━━ DATASET EXCERPT

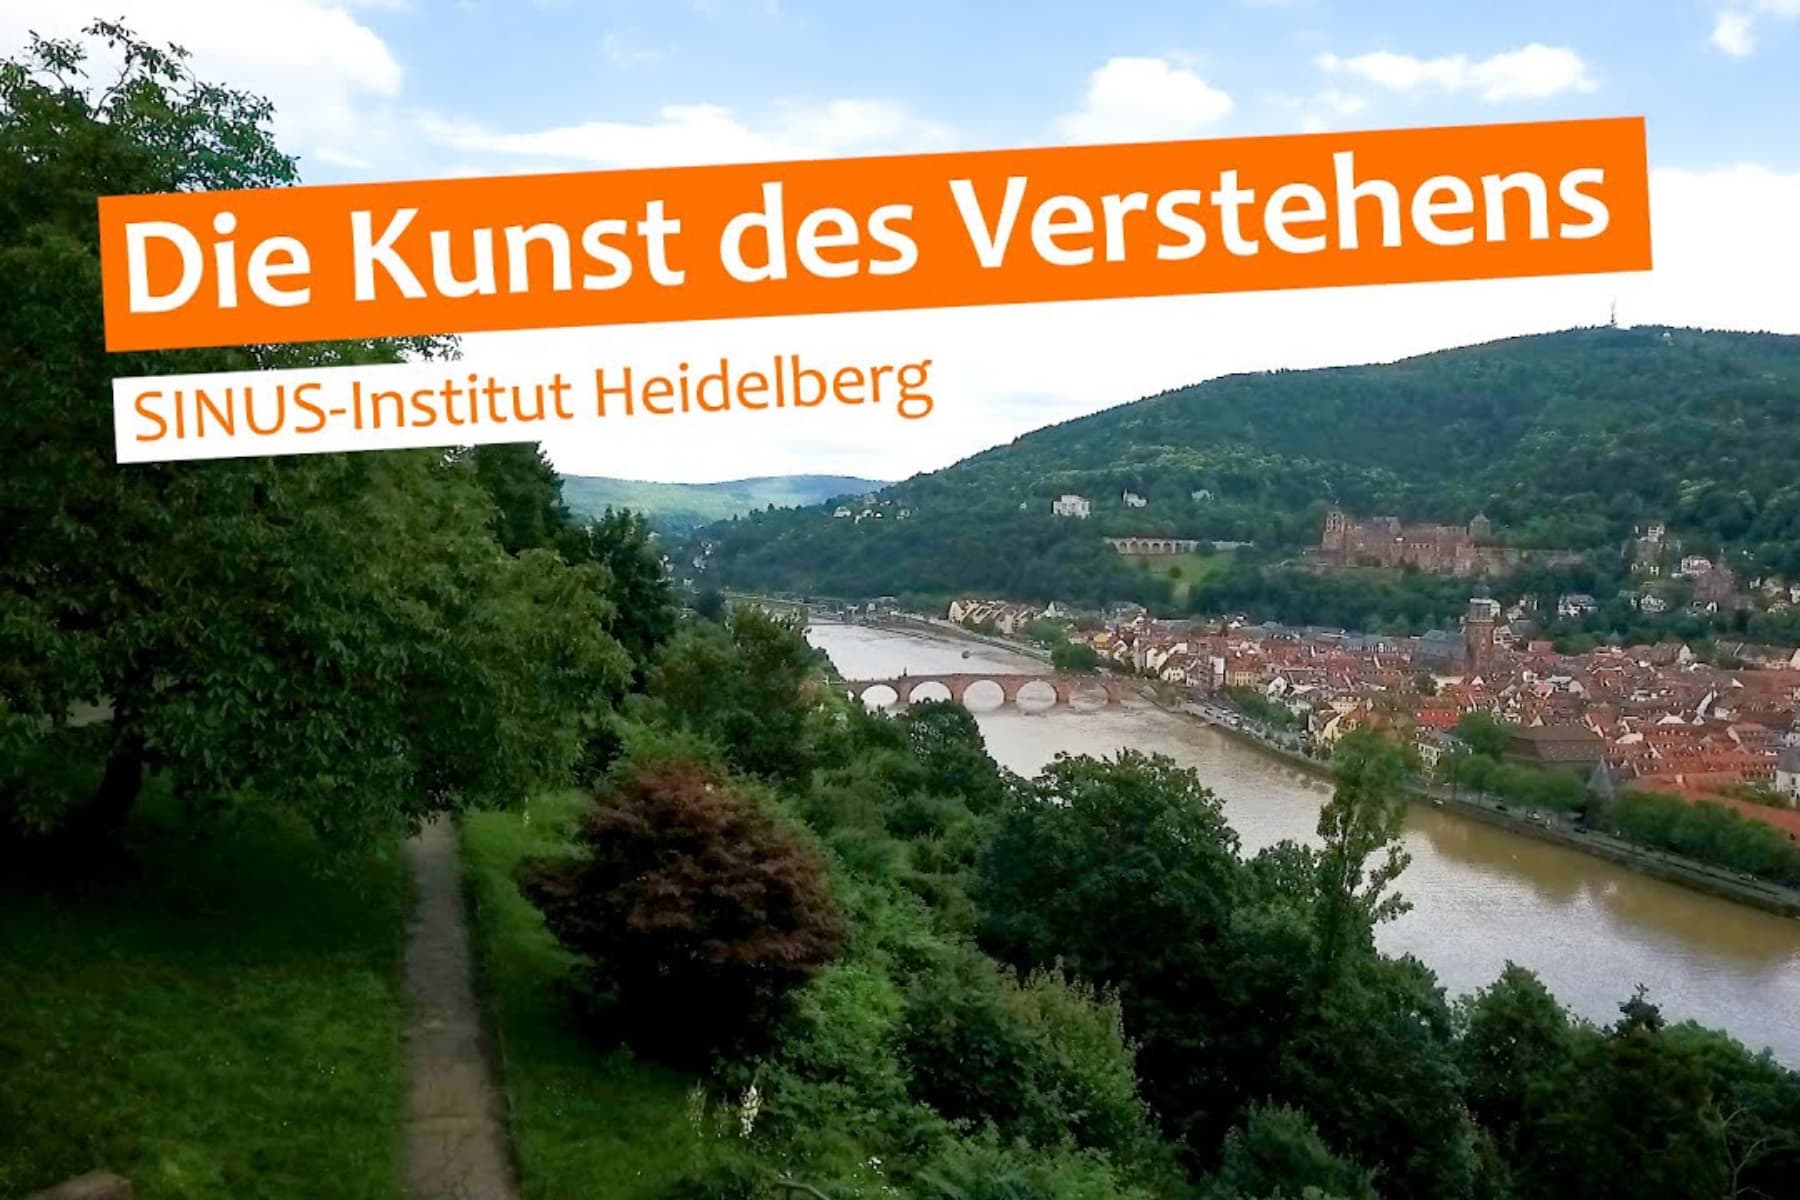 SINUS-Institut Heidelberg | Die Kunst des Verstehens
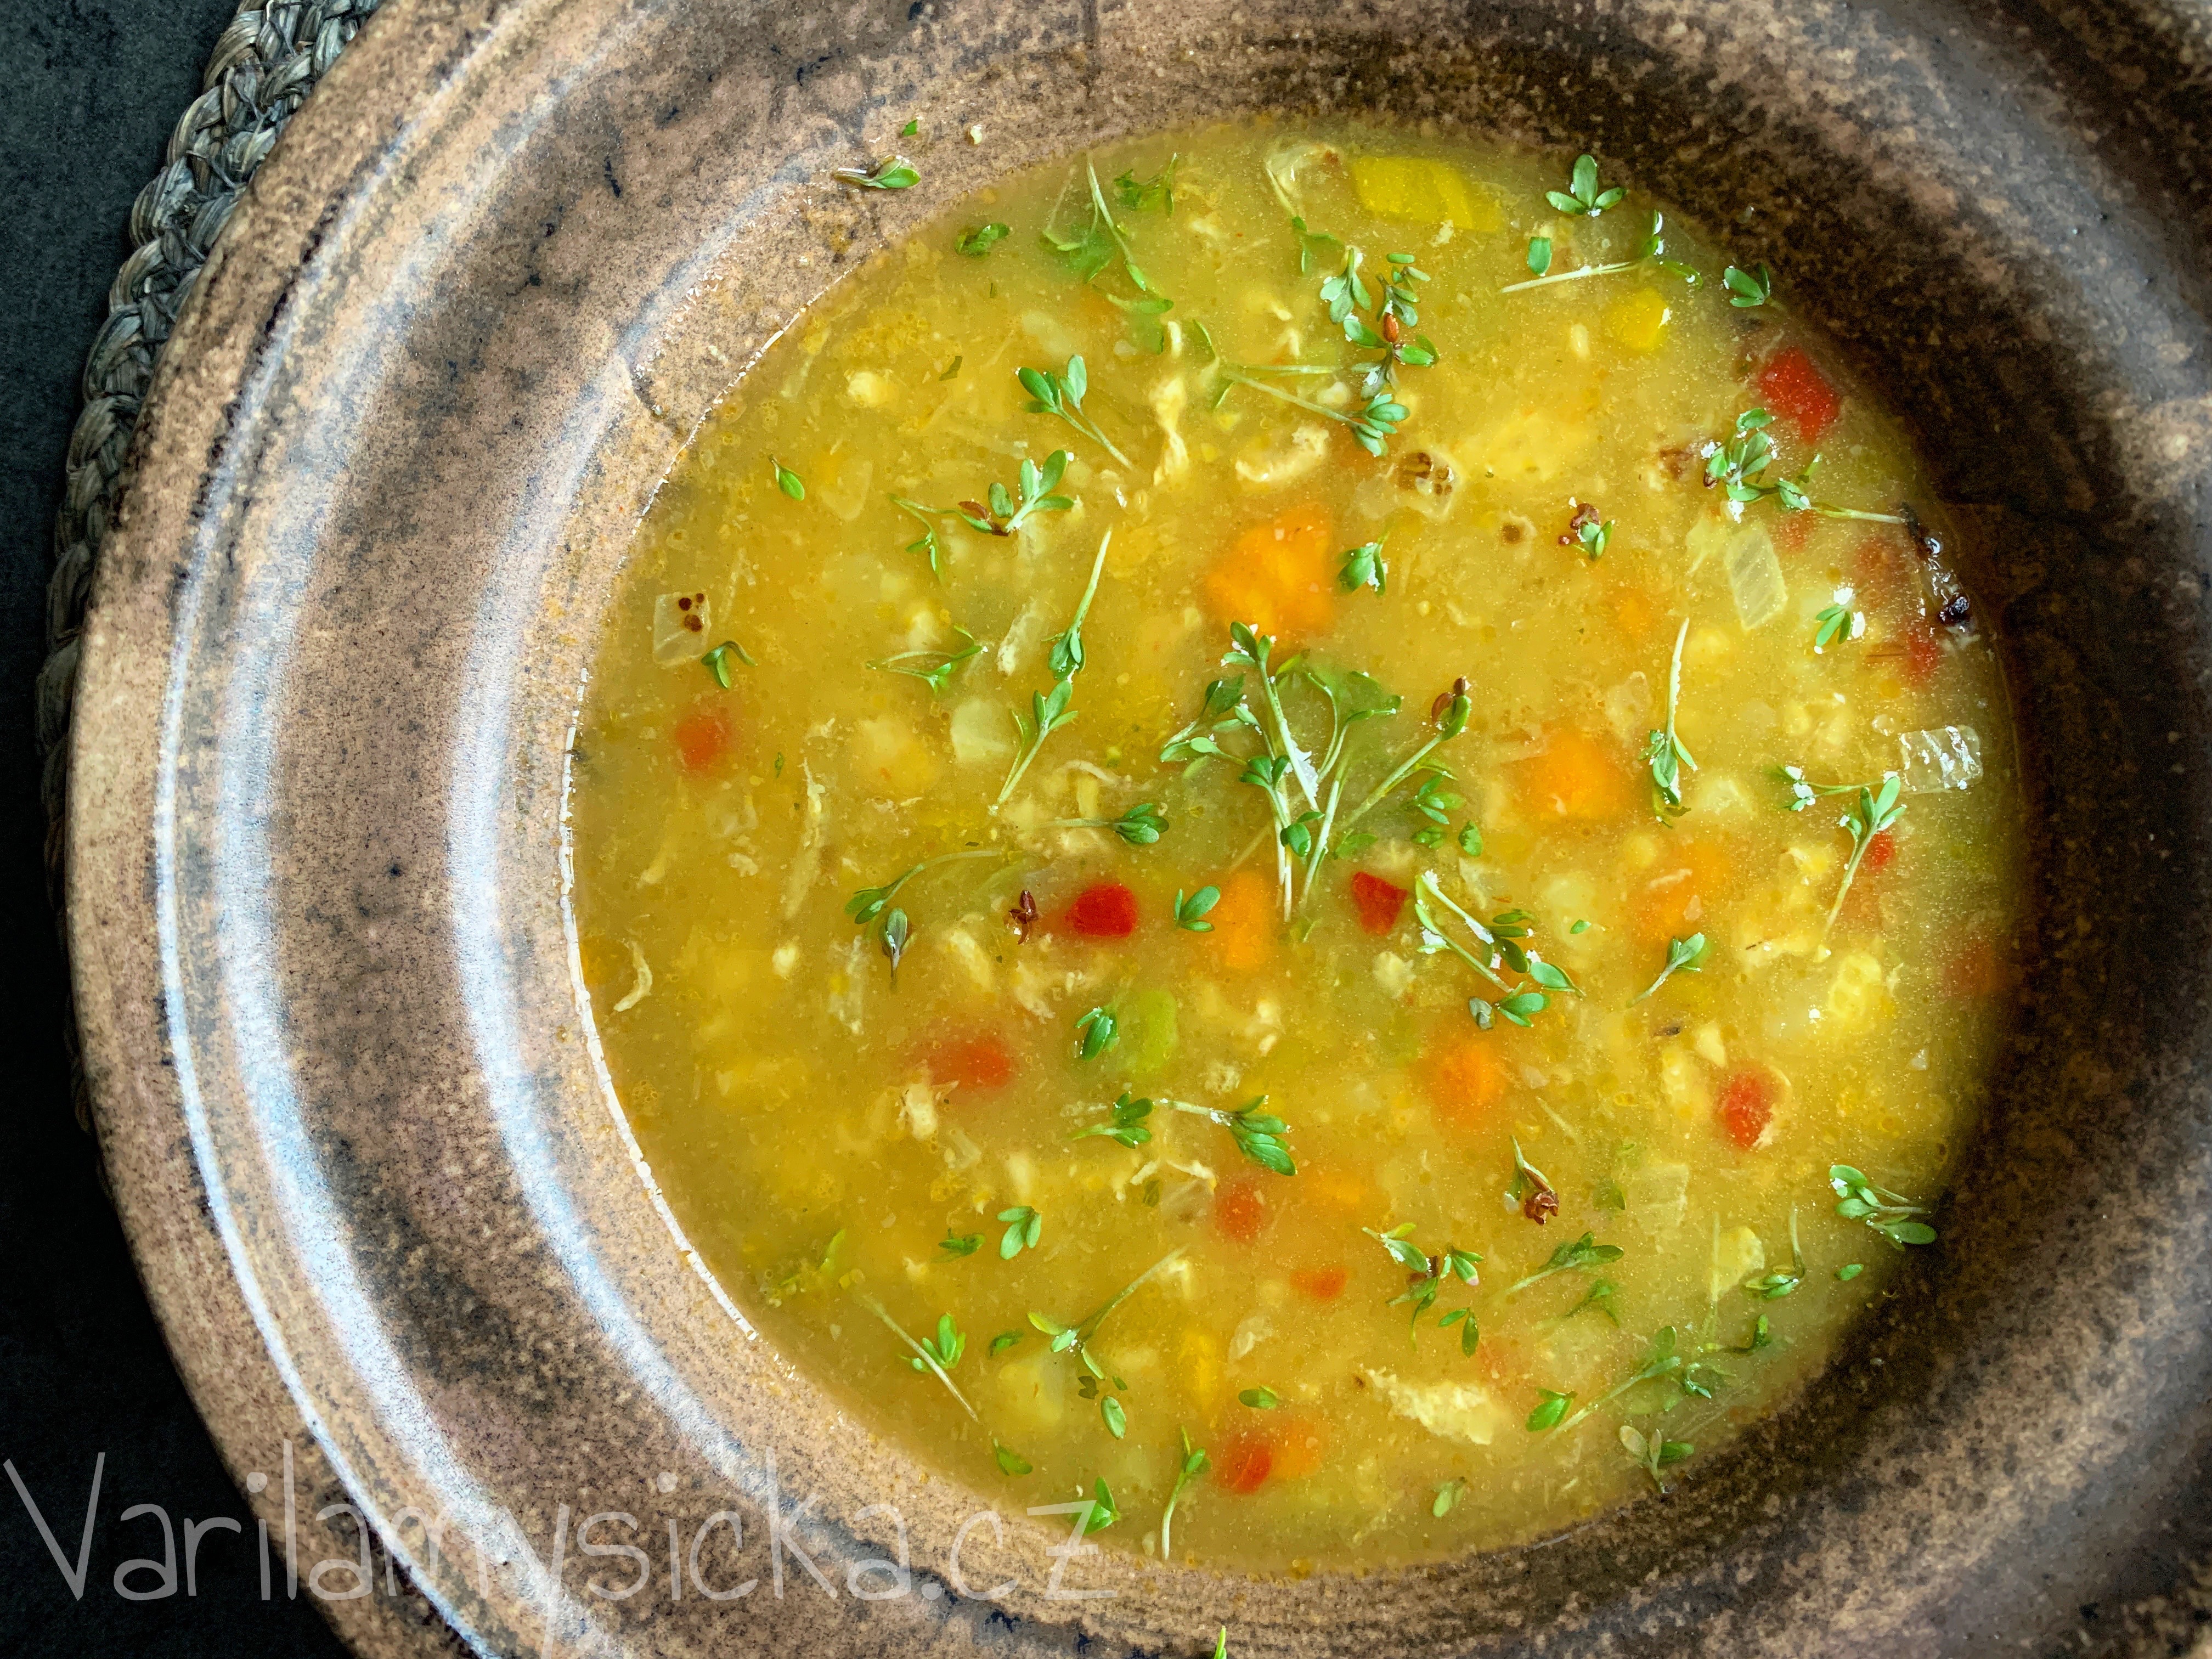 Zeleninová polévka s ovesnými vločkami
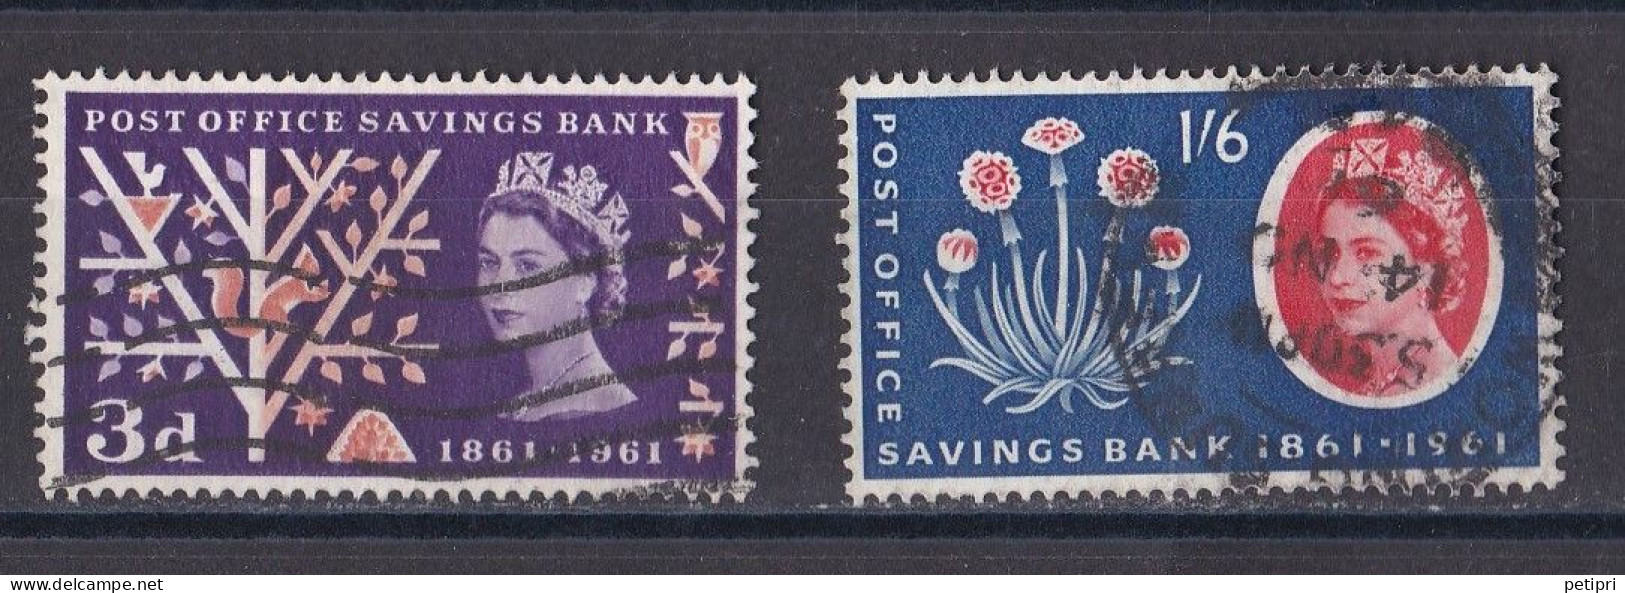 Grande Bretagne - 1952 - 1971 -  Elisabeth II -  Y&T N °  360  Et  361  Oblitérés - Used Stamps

━━━━

(ACTION ITEM): Reproduce the final stretch of lines exactly: the line containing "Zeleninová polévka s ovesnými vločkami" through the last line of the data, both included. Pictures do not belong in the copy.

(EXERCISE RESPONSE):
 Zeleninová polévka s ovesnými vločkami
 Grande Bretagne - 1952 - 1971 -  Elisabeth II -  Y&T N °  360  Et  361  Oblitérés - Used Stamps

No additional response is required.